WHAT IS EXPECTED -
What is needed is an exact copy of the entries below, with every picture left out.

##############################

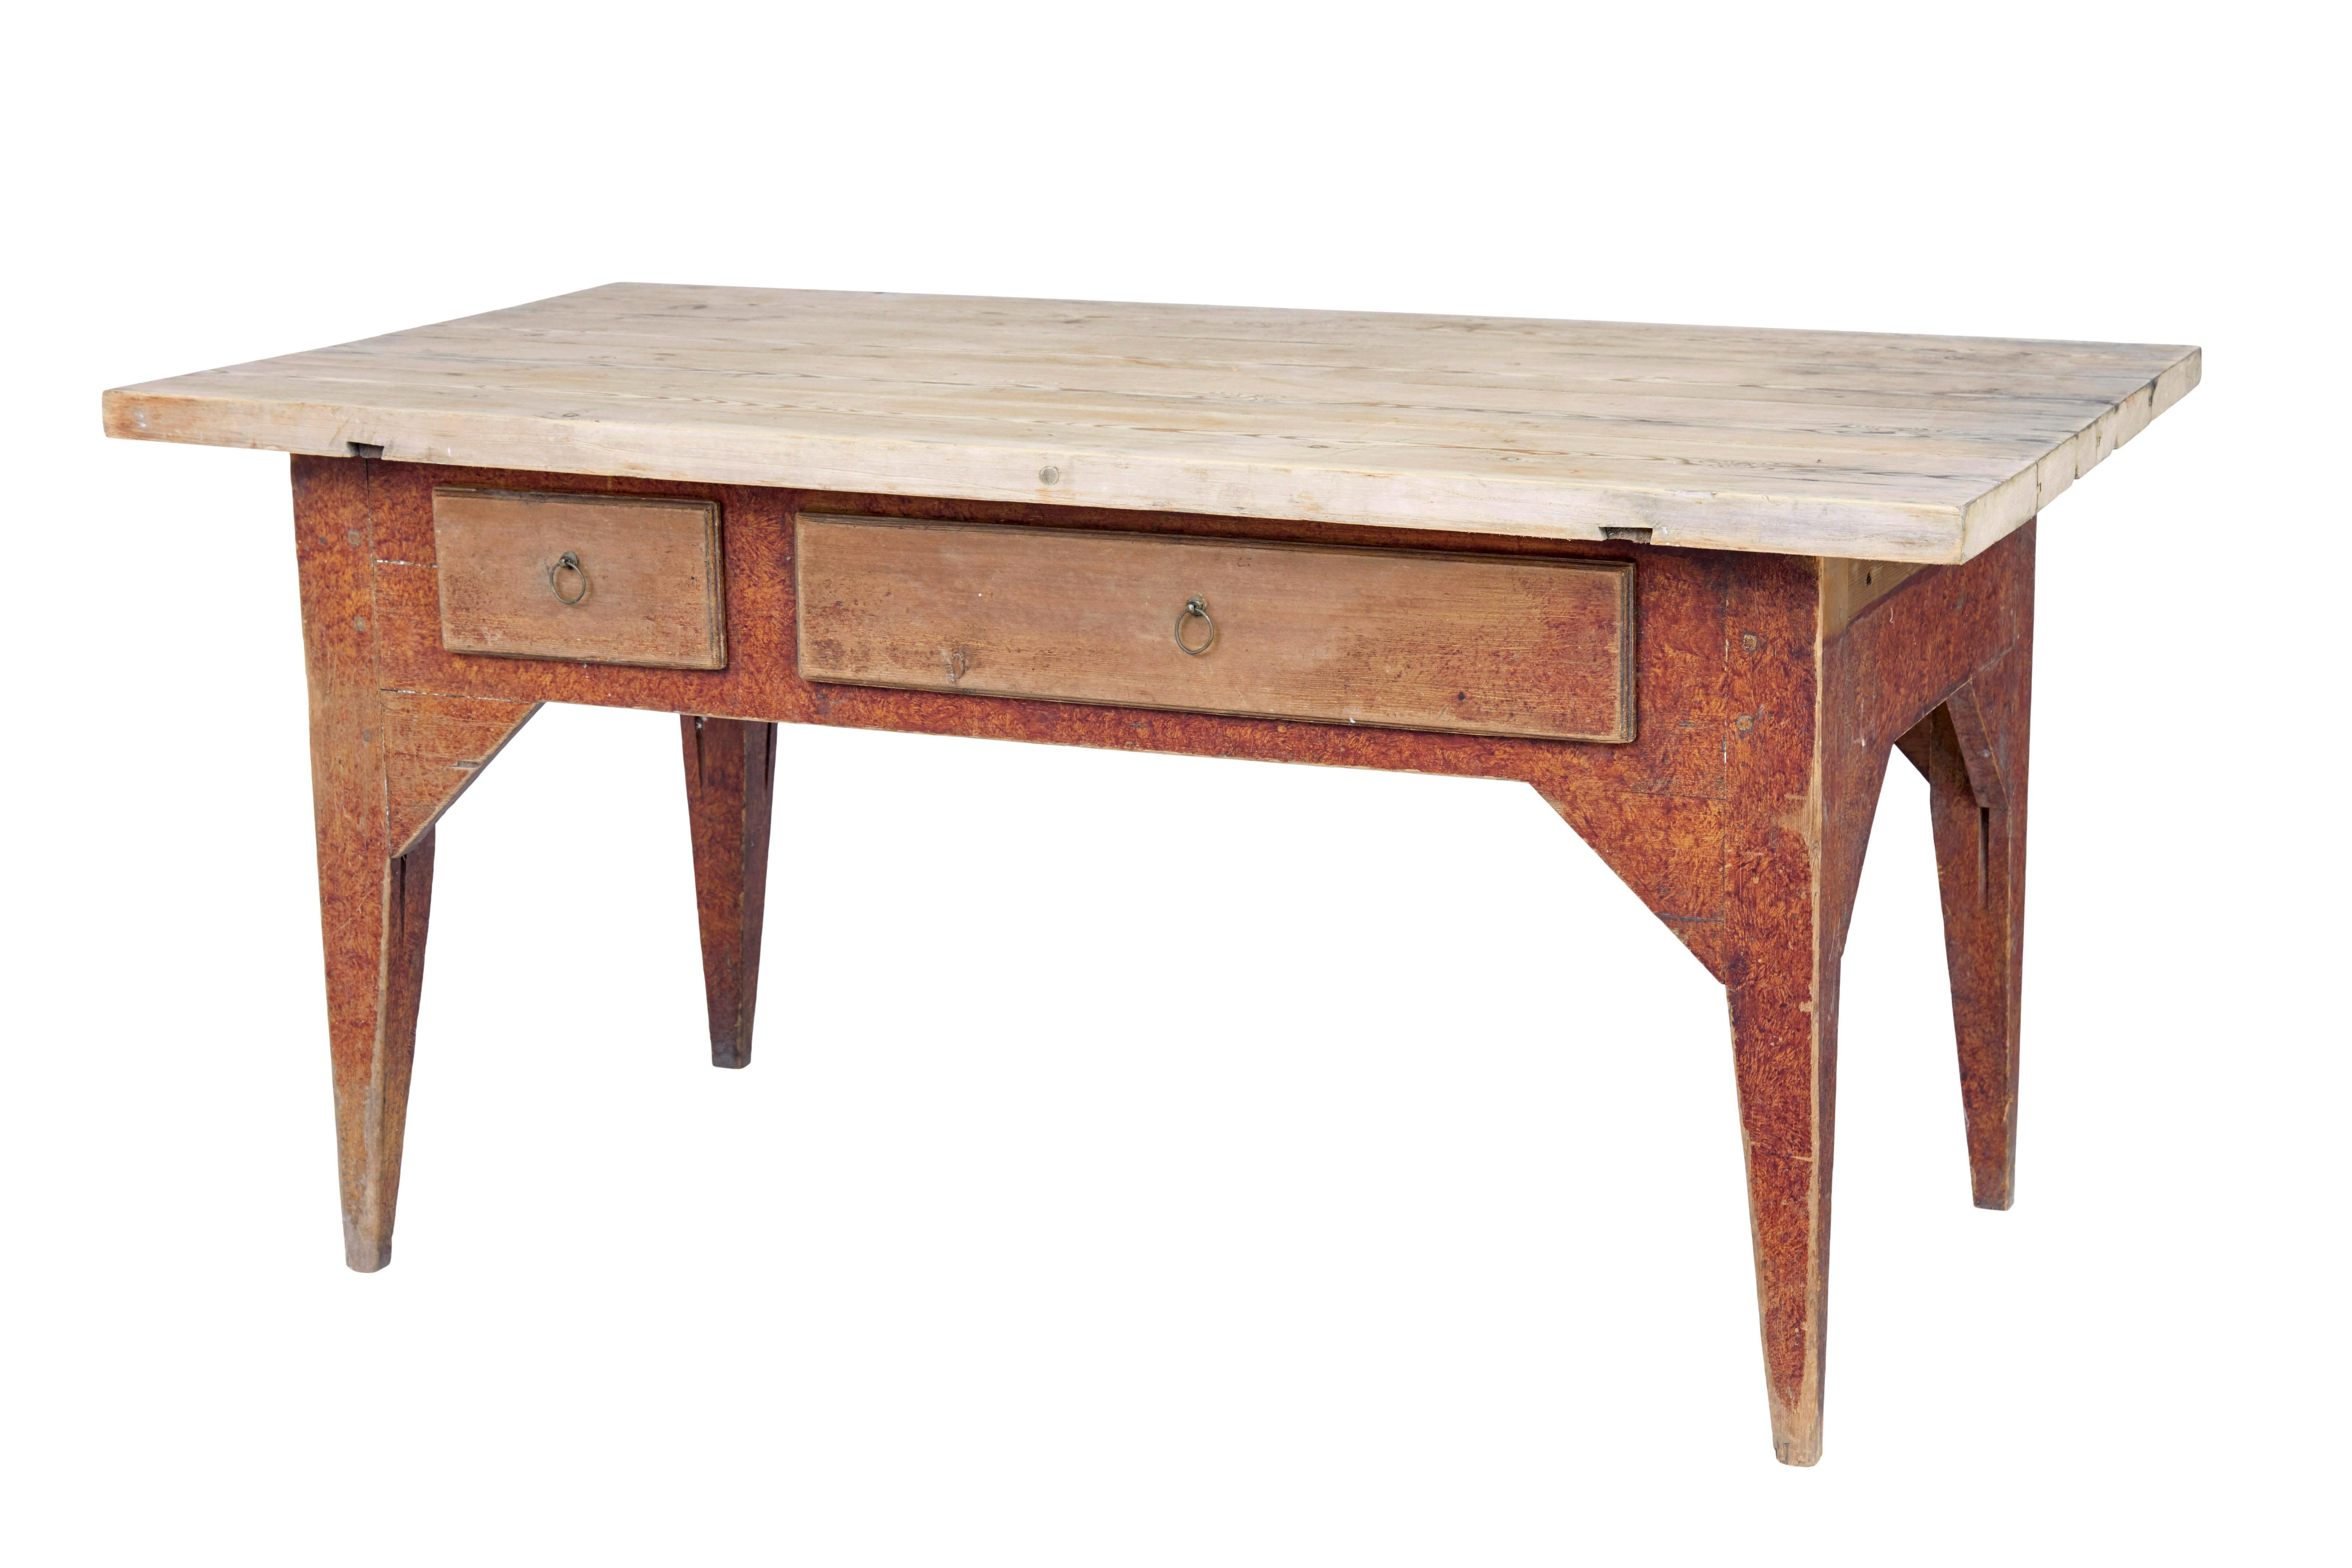 Table de cuisine rustique en pin peint du milieu du 19e siècle, vers 1850.

Table traditionnelle en pin suédois de bonne qualité avec plateau associé.

Surface épaisse de 4 planches avec des marques de surface et une patine d'usage.  Elle repose sur
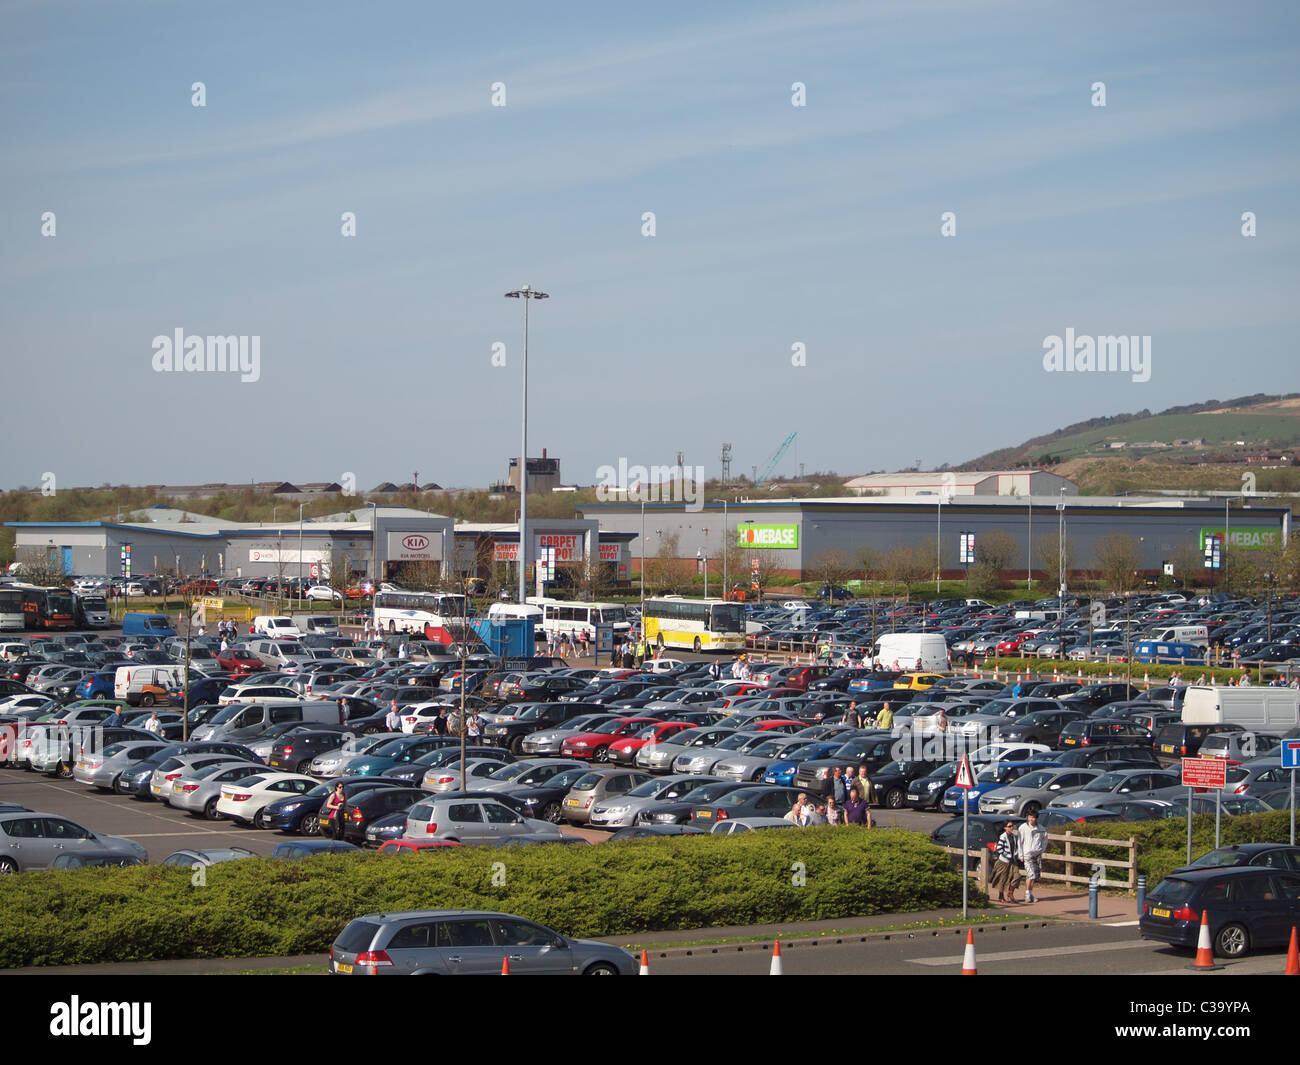 Le parking principal à côté du stade Macron, le terrain du Bolton Wanderers  et Middlebrook retail park Photo Stock - Alamy
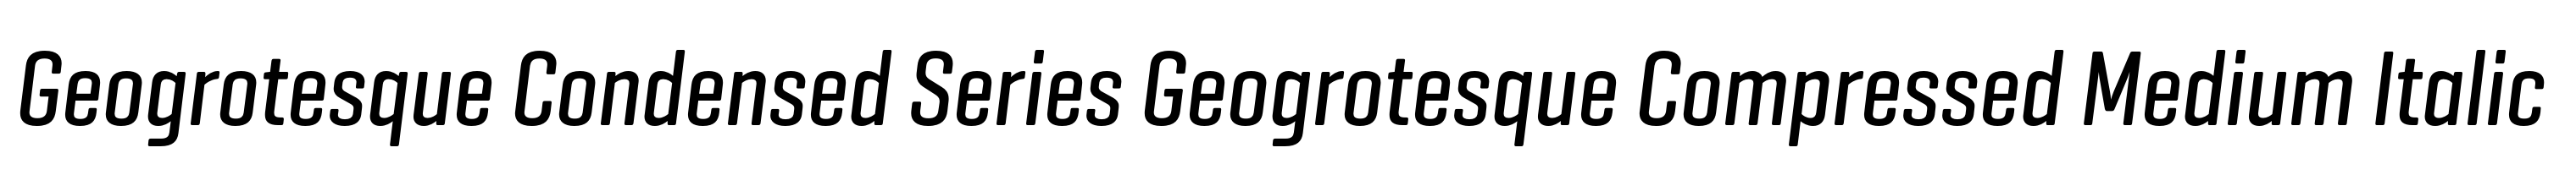 Geogrotesque Condensed Series Geogrotesque Compressed Medium Italic
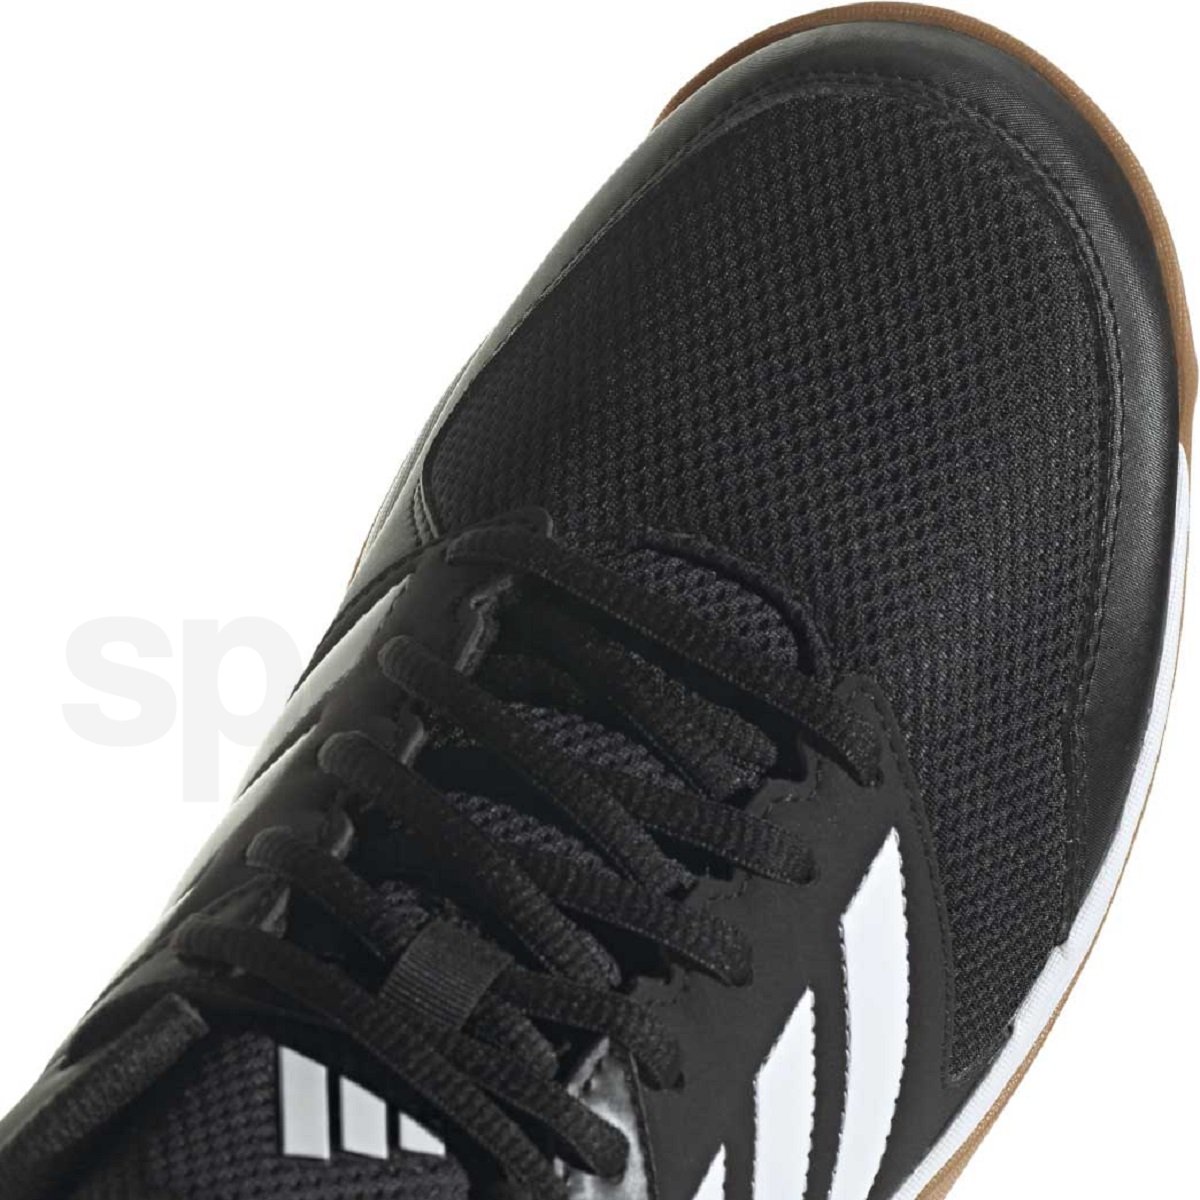 Obuv Adidas Speedcourt M - černá/bílá

##############################

TASK OUTPUT -
 Table de cuisine rustique en pin peint du milieu du 19e siècle, vers 1850.

Table traditionnelle en pin suédois de bonne qualité avec plateau associé.

Surface épaisse de 4 planches avec des marques de surface et une patine d'usage.  Elle repose sur
 Le parking principal à côté du stade Macron, le terrain du Bolton Wanderers  et Middlebrook retail park Photo Stock - Alamy
 Geogrotesque Condensed Series Geogrotesque Compressed Medium Italic
 Obuv Adidas Speedcourt M - černá/bílá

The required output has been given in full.